(Data records)
======
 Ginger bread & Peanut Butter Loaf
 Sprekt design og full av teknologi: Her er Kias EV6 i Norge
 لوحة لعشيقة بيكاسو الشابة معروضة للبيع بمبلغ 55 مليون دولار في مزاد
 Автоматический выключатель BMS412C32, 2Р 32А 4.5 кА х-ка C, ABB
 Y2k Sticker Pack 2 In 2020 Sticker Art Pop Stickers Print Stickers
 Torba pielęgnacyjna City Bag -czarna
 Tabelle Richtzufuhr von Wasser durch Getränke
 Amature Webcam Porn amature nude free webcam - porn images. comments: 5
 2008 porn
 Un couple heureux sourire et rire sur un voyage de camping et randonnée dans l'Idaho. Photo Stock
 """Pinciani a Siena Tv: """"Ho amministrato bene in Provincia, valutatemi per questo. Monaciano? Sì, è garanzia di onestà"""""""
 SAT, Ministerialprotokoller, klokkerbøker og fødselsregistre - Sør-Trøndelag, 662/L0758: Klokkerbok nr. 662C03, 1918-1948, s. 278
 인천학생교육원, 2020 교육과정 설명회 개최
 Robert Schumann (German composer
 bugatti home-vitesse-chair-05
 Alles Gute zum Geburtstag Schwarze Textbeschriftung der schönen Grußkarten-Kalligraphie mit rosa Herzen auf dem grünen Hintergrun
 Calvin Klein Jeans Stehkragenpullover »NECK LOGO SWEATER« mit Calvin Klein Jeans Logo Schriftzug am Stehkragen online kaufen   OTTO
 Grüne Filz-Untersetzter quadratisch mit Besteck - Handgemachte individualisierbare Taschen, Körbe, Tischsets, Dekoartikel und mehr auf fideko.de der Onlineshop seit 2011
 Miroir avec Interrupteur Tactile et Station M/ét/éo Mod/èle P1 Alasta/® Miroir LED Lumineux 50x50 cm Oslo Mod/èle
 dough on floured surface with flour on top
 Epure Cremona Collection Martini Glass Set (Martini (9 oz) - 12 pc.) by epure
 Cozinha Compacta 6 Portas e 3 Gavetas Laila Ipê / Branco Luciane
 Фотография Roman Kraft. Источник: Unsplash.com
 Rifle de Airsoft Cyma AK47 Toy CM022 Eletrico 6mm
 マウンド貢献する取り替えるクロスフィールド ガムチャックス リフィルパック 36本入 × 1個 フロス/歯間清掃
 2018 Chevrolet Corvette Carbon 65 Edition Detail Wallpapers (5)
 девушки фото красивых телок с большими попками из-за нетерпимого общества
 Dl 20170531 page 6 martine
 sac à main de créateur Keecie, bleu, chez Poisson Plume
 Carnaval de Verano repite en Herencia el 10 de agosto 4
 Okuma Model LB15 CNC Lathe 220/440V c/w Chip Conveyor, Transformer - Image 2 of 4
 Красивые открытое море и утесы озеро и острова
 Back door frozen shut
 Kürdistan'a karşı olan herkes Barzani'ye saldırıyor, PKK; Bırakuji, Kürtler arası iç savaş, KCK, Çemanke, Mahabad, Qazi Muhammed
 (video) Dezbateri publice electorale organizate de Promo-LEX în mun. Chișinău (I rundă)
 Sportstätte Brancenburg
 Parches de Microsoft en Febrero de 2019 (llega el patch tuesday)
======
Among the lines of the preceding data, which ones hold the word "porn"? List them.

 Amature Webcam Porn amature nude free webcam - porn images. comments: 5
 2008 porn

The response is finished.